● EXERCISE PROMPT:
Your answer must be the exact lines of the listing below that run from the line with "Alternate Image 1" to the line with "عکس زمینه تعطیلات کریسمسی بابانوئل پس زمینه", ends included, and no pictures.

● MATERIAL FOR THIS EXERCISE:
- Opening Delimiter -
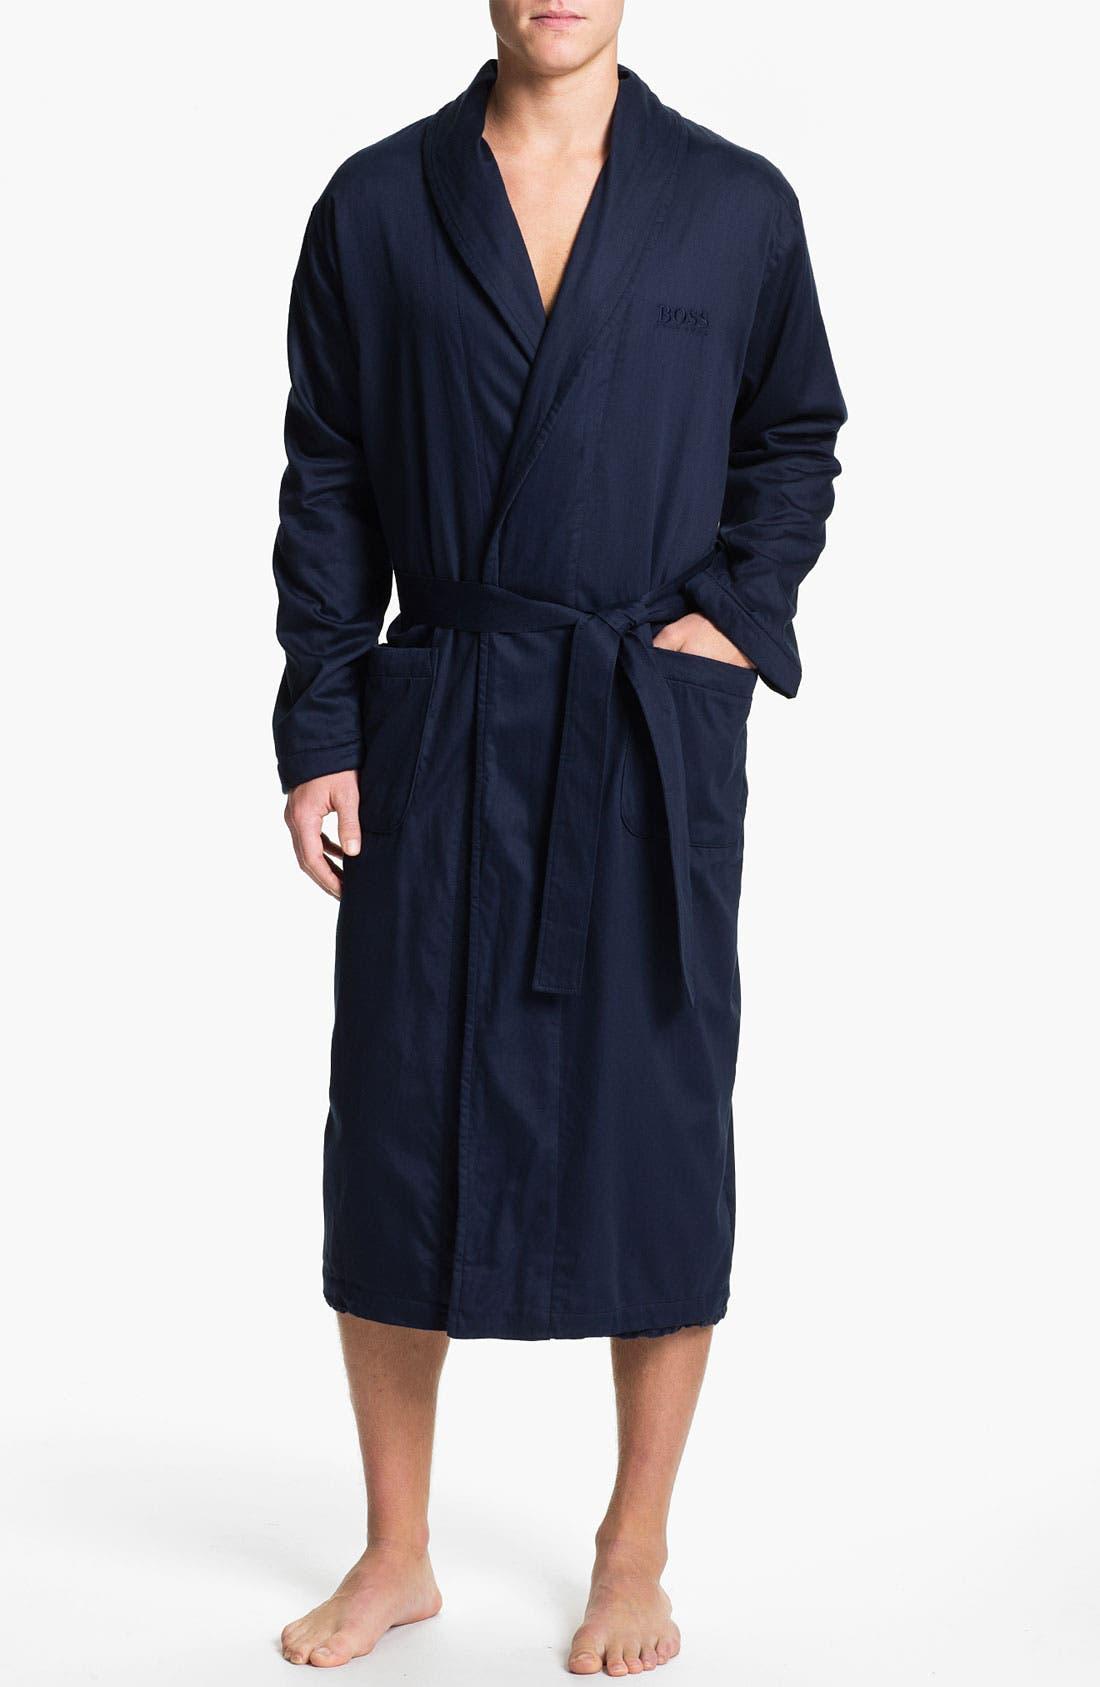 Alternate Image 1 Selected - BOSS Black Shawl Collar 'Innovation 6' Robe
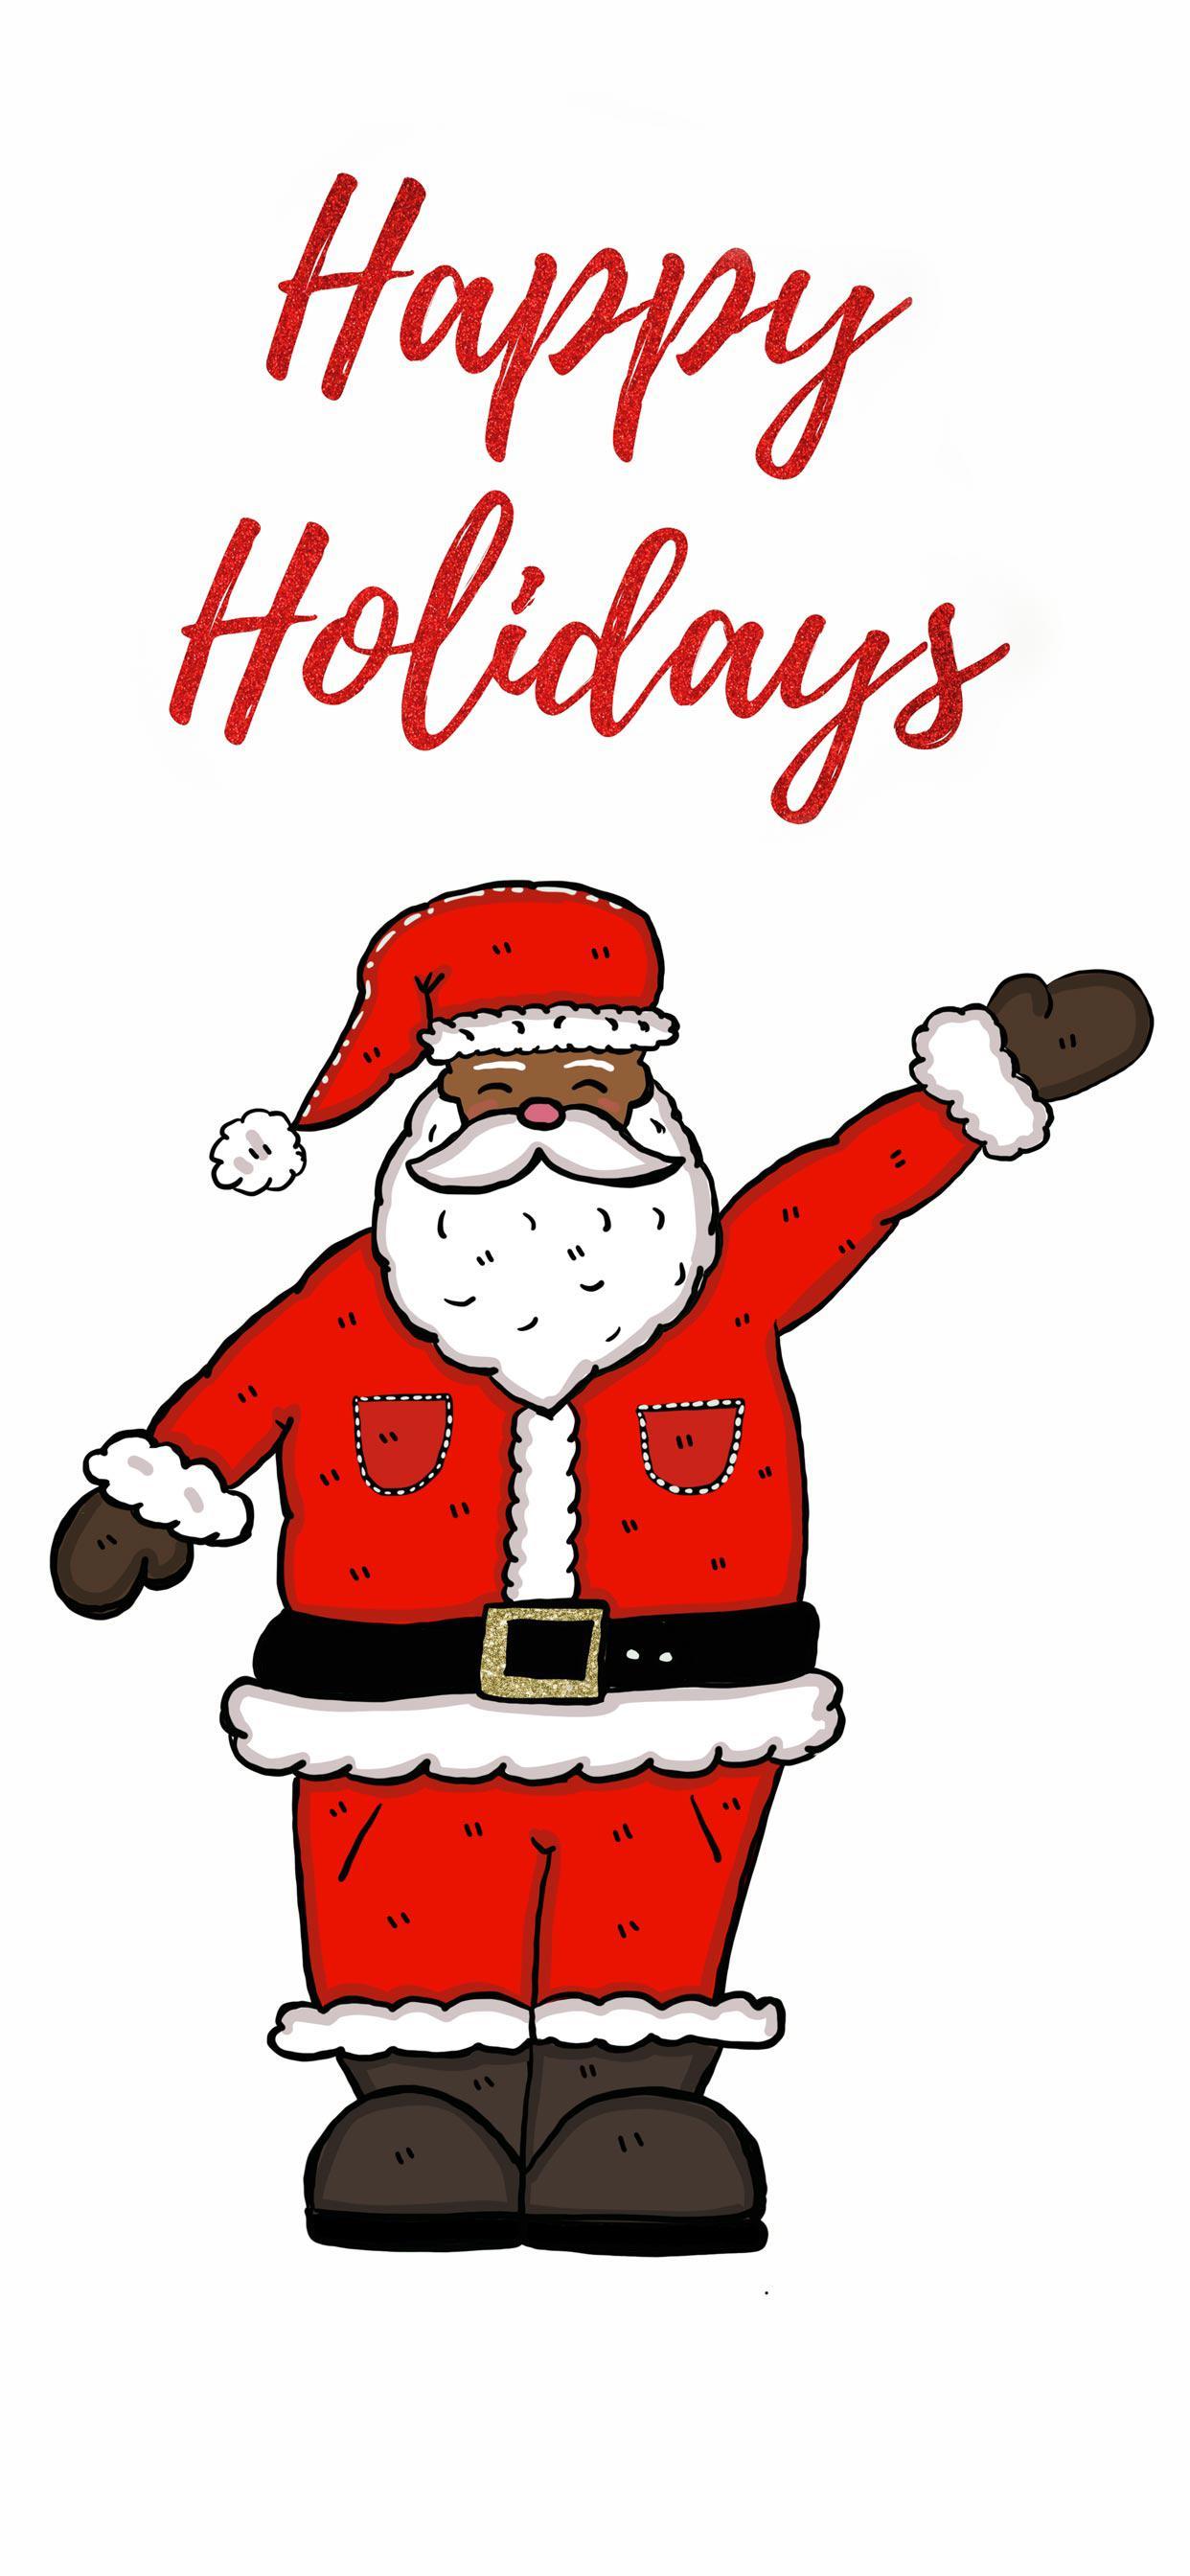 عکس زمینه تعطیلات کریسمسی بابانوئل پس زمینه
- Closing Delimiter -
- Opening Delimiter -
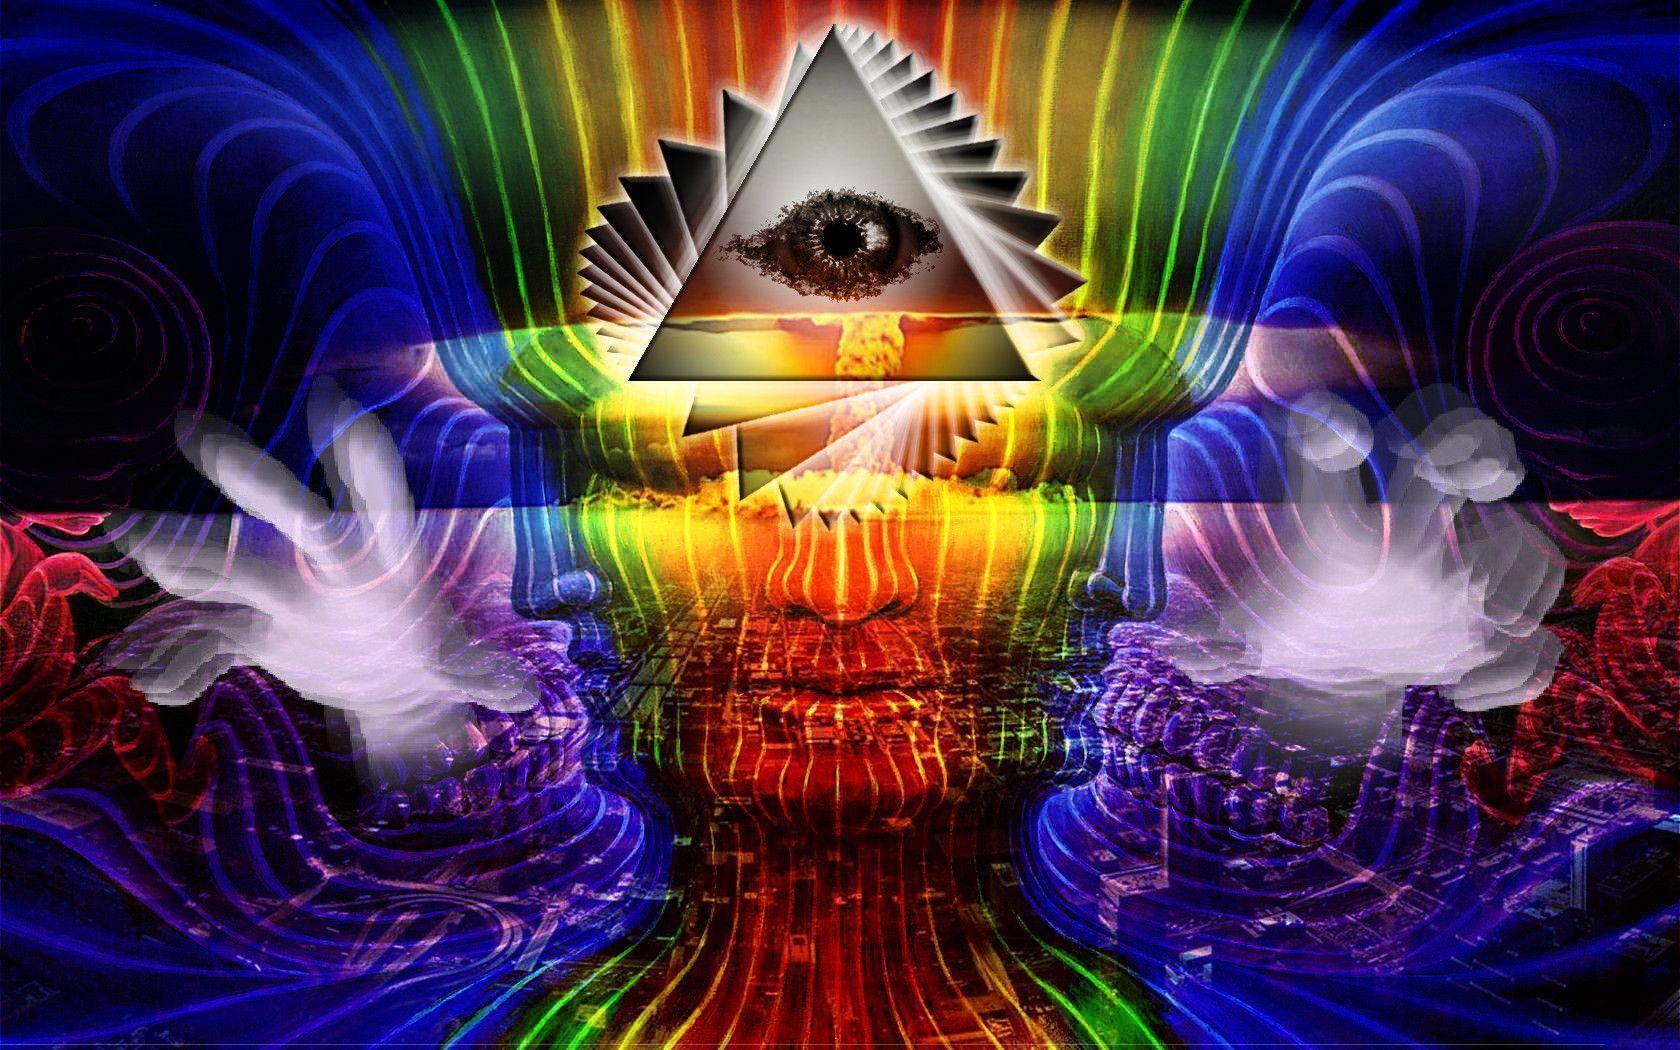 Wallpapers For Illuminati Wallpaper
- Closing Delimiter -
● OUTPUT OF THE TASK:
 Alternate Image 1 Selected - BOSS Black Shawl Collar 'Innovation 6' Robe
 عکس زمینه تعطیلات کریسمسی بابانوئل پس زمینه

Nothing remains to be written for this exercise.